NCS is really middleware. Yes, it’s a controller of sorts, though not in the OpenFlow sense.

tail-f flowThe role of NCS is to convert requirements into implementable configurations, and it seems pretty capable based on the discussions and demos at NFD7. So where do requirements come from? NCS offers three interfaces itself; a Web UI and a CLI. I said three interfaces because the CLI can run in a Junos-alike mode or an IOS-alike mode. All three methods end up with the same internal requirement being defined and the same implementation being executed, so you can pick the one you like best and use it. Alternatively, you could use a third party tool to generate requirements and pass them to NCS. With regard to Northbound interfaces, tail-f says that the following interfaces are auto-rendered for all services and devices:

  • CLI: for network engineers that prefer a Juniper or Cisco style command-line interface
  • Web interface: for network engineers that prefer a graphical interface (the Web interface is highly customizable)
  • REST: for programmatic access (exactly the same feature set as the CLI and Web interface)
  • Java/C: for building custom applications and service provisioning logic
  • JavaScript: for embedding NCS functions in portals
  • NETCONF: for importing and exporting XML configurations
  • SNMP: for reading status and receiving NCS alarms
  • Python: for scripting network wide configuration changes

Additionally, the NCS FAQ adds that “[the] Havanna release of OpenStack introduced a NCS Mechanism Driver that maps the OpenStack Neutron network model changes to NCS REST calls. NCS can then map these changes to a multi-vendor network.” Neat.

Do You Take Checks?

Price is always the big stumbling block with good tools. There’s no web store to purchase NCS, so it’s hard to know for sure what it costs. However, I did find what looked like notes for a buyers guide online that said “Tail-f offers NCS in two business models; upfront fee or subscription based licensing. Price depends on on product features and the size and complexity of the network to be managed. As an example, NCS for an Enterprise network with up to 200 access switches would cost $4,900 per month on subscription basis.” I have no idea if that’s still valid (the dates suggest it was a year ago), uses US dollars (it probably does), or is representative of current pricing, but it gives a ball park idea I guess.

I’m Almost Happy!

I like the NCS product. The demos are slick and give an intriguing insight into the power of this kind of system for network maintenance. Hooking NCS into OpenStack or your own automation tools could prove to be a huge time saver. What NCS won’t do of course is stop you doing something stupid. If you tell it to kill off BGP on every device, I’m sure it will do just what you ask it to do. But at least you can hopefully do a rollback just as easily!

Alternatives?

Obviously Tail-f NCS isn’t the only solution, but it’s certainly very interesting in terms of the requirements I set out at the start. In an upcoming post I’ll take a look at least one more possible way to approach this problem.

NFD 7 Videos

As I said before, I didn’t want to simply regurgitate the videos so I’ve left lots of stuff out for you to see for yourself. The presentations are available below, and I encourage viewing ideally of all of them, but if you have to pick one, go for the demo and watch it in HD so you can see the screen clearly. I think you’ll get a lot of out of it, even if you don’t buy the product.

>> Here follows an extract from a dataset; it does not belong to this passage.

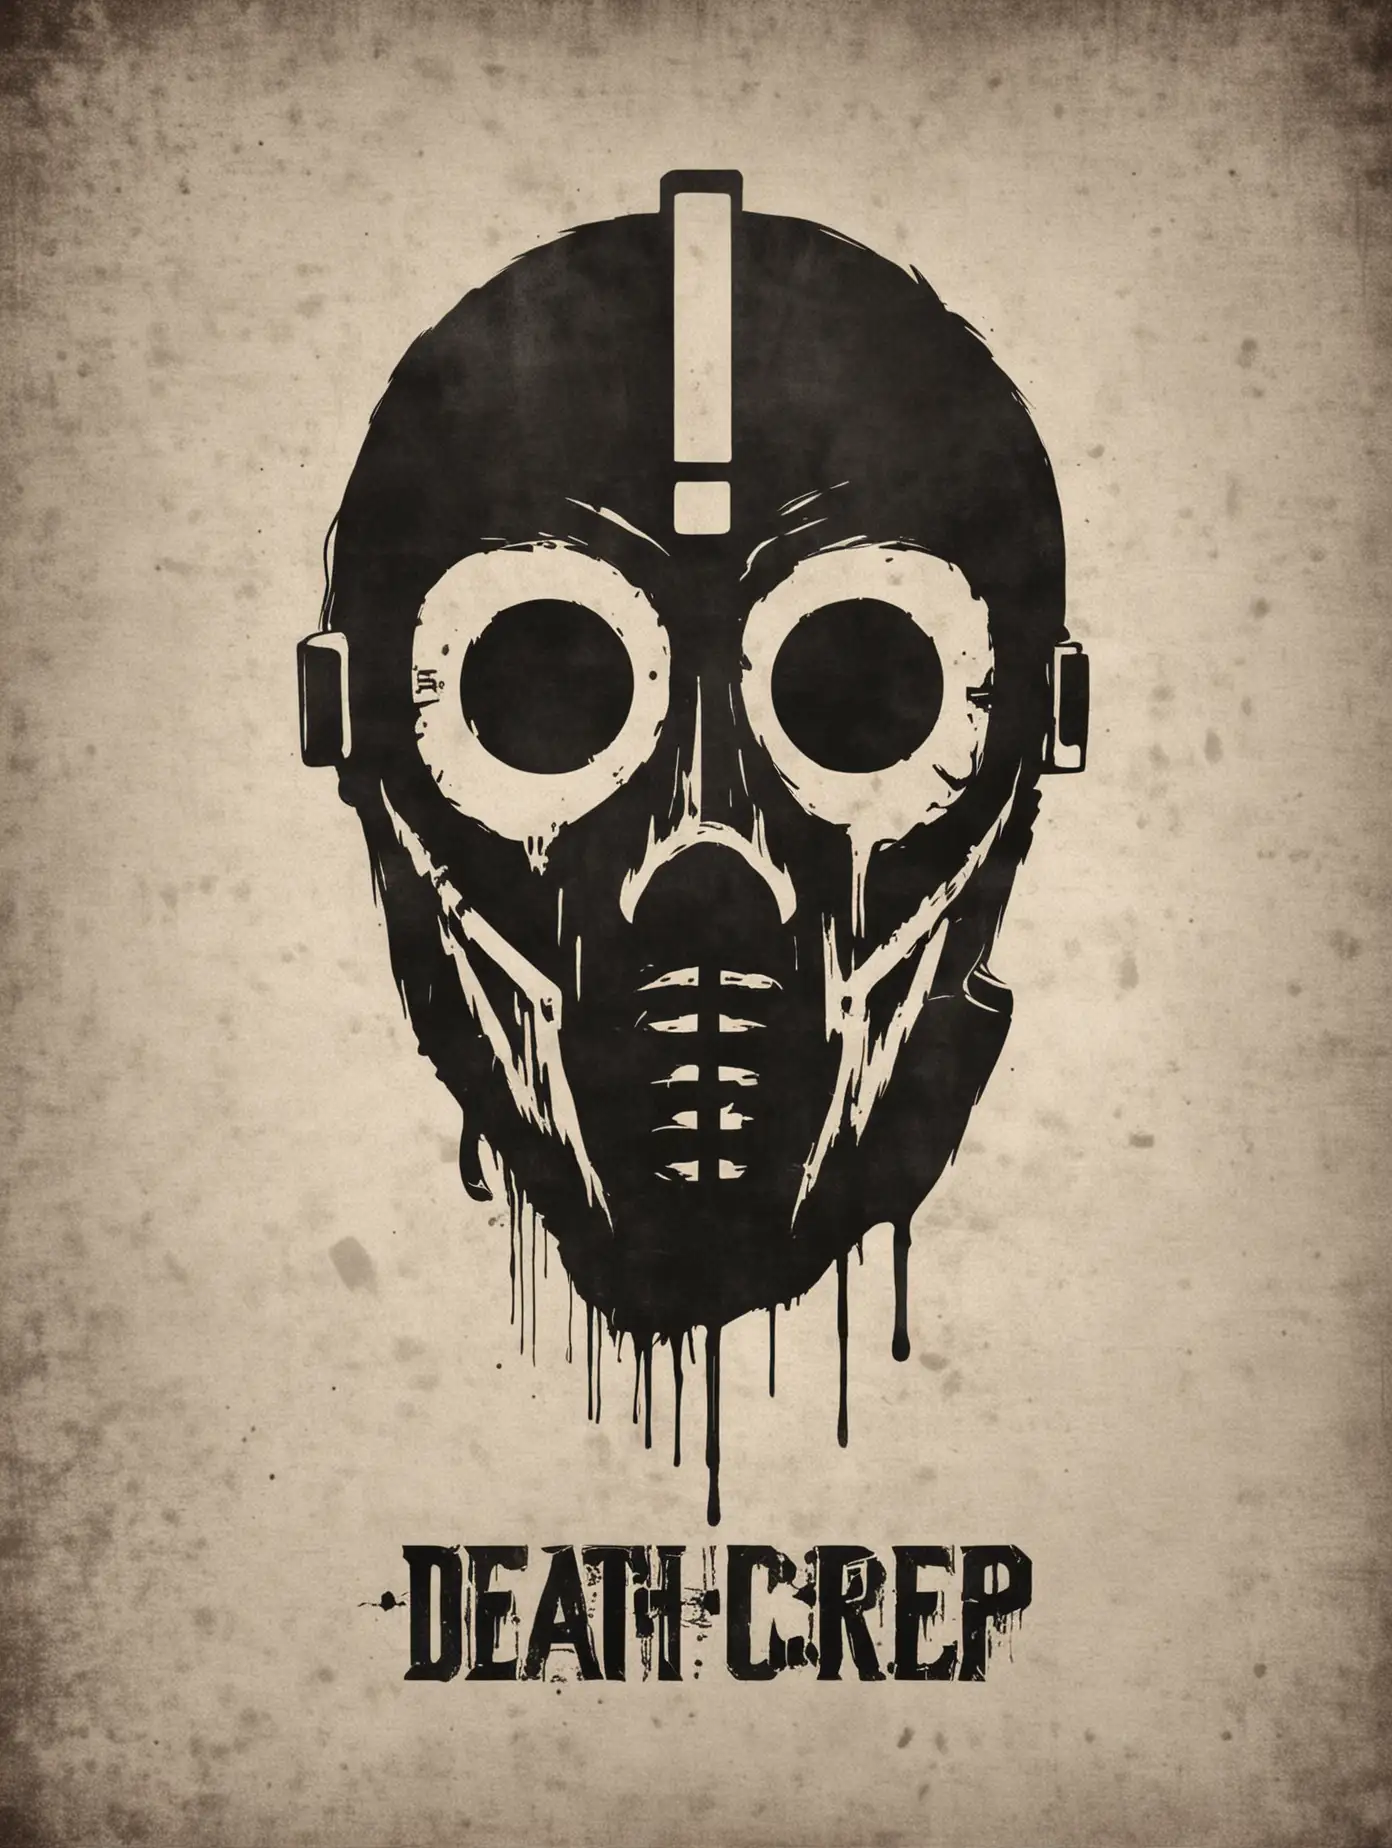 stencil, minimalist, simple, vector art, black and white, silhouette, negative space, grindhouse movie poster, "Death Grip" plague mask

Introduction to Tail-F NCS

Tail-F Discuss Network Element Drivers (NEDs)

Tail-F Demo at NFD7

 

Disclosures

Tail-f was a paid presenter at Networking Field Day 7, and while I received no compensation for my attendance at this event, my travel, accommodation and meals were paid for by Tech Field Day. I was explicitly not required or obligated to blog, tweet, or otherwise write about or endorse the sponsors, but if I choose to do so I am free to give my honest opinions about the vendors and their products, whether positive or negative.